TTYs for the deaf

From: John C. Ellingboe <john_at_guntersville.net>
Date: Sat Dec 11 20:42:43 2004

Tom Jennings wrote:
>
> On Sat, 11 Dec 2004, Fred Cisin wrote:
>
> ASR-33's and their ilk are ASCII and 110 baud (43's do 300
> I think).
>
> The TTY-for-the-deaf tech is based upon older ITA2 (aka "baudot"
> but it's not -- no teletype-like device EVER used Baudot's code,
> it was for manual (finger) input) 5-bit code with two code tables
> (aka cases) selected with FIGS and LTRS. They mostly run at 60
> wpm, aka 45.45 baud.
>

Teletype Corp. Models 14, 15, 19 and 26 for a few plus some by other
companies used Baudot code.

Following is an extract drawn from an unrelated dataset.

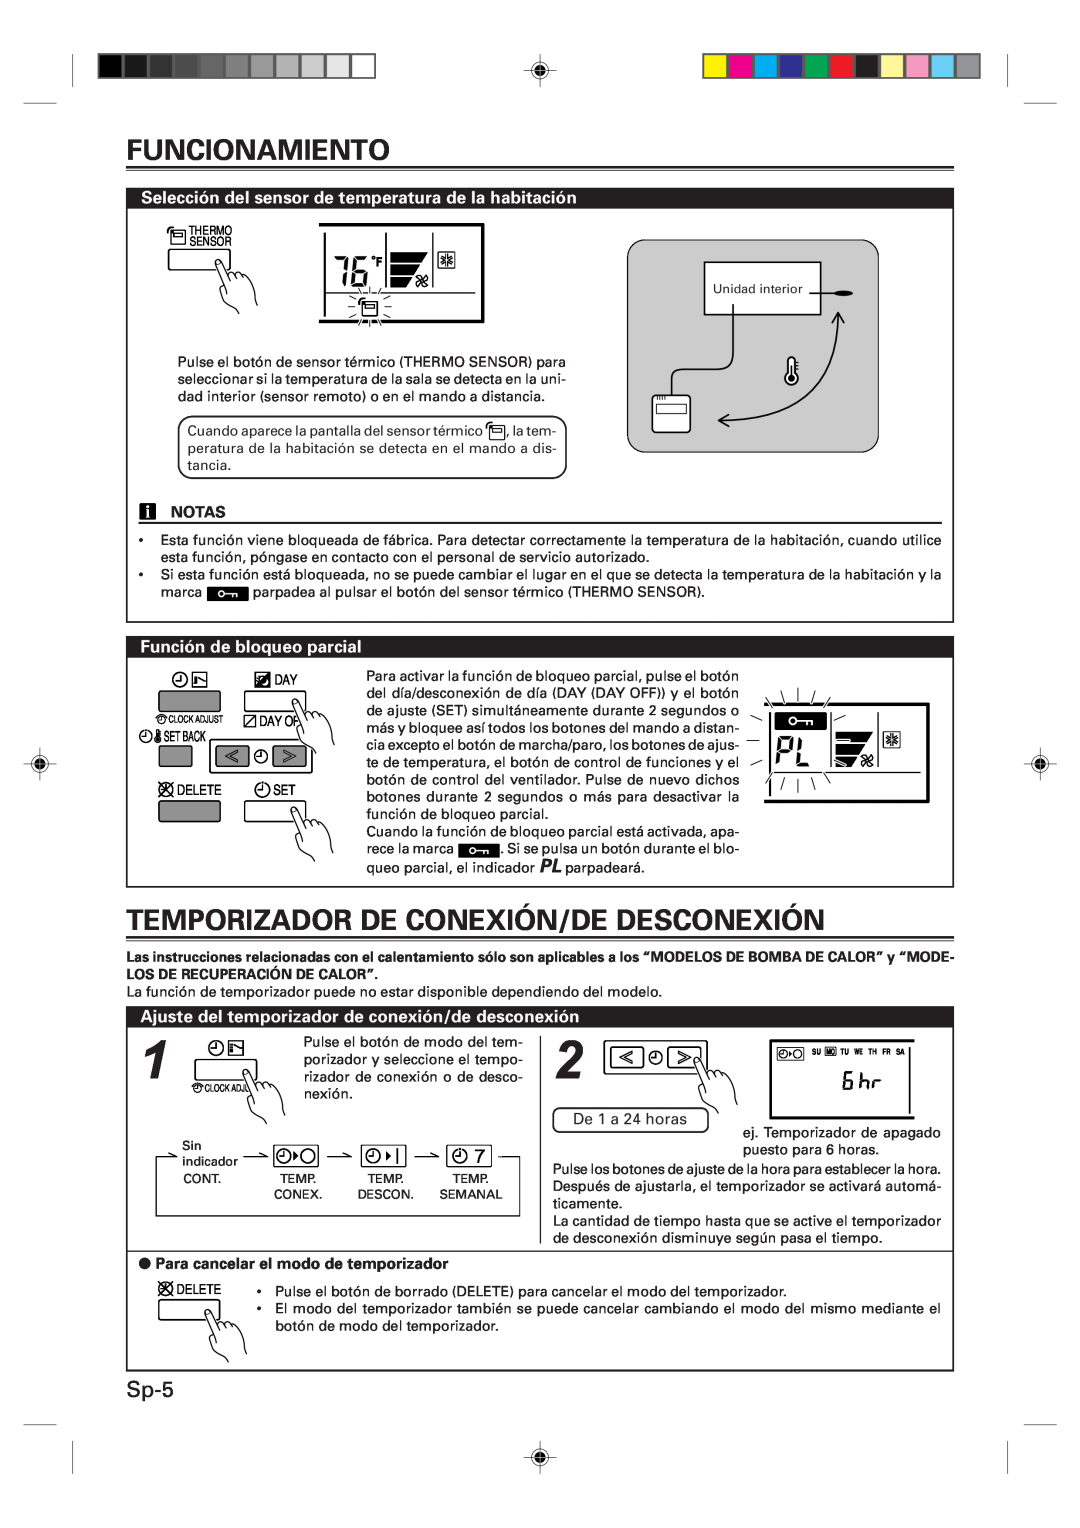 Fujitsu UTB-UUB Temporizador De Conexión/De Desconexión, Sp-5, Selección del sensor de temperatura de la habitación, Notas

Some of those were interfaced to early
micros for lack of a better/cheap console at the time.
 
> Besides the speed issue, which requires good buffering or
> per-character flow-control handshaking (not commonly done well,
> and not possible on msoft OSs past DOS), you need a little state
> machine for code table/case translation each direction, and then
> about 1/2 the ASCII code set simply doesn't exist in ITA2, and
> there are no control codes in common except CR, LF, bell and NUL.
> Plus unless you re-wire them they are all half-duplex; pressing
> a key prints locally. ASR33's are 20mA current loop, but the
> older devices want 60mA, and 100 volts on the loop with a big
> series resistor; the current risetime requirements make it so.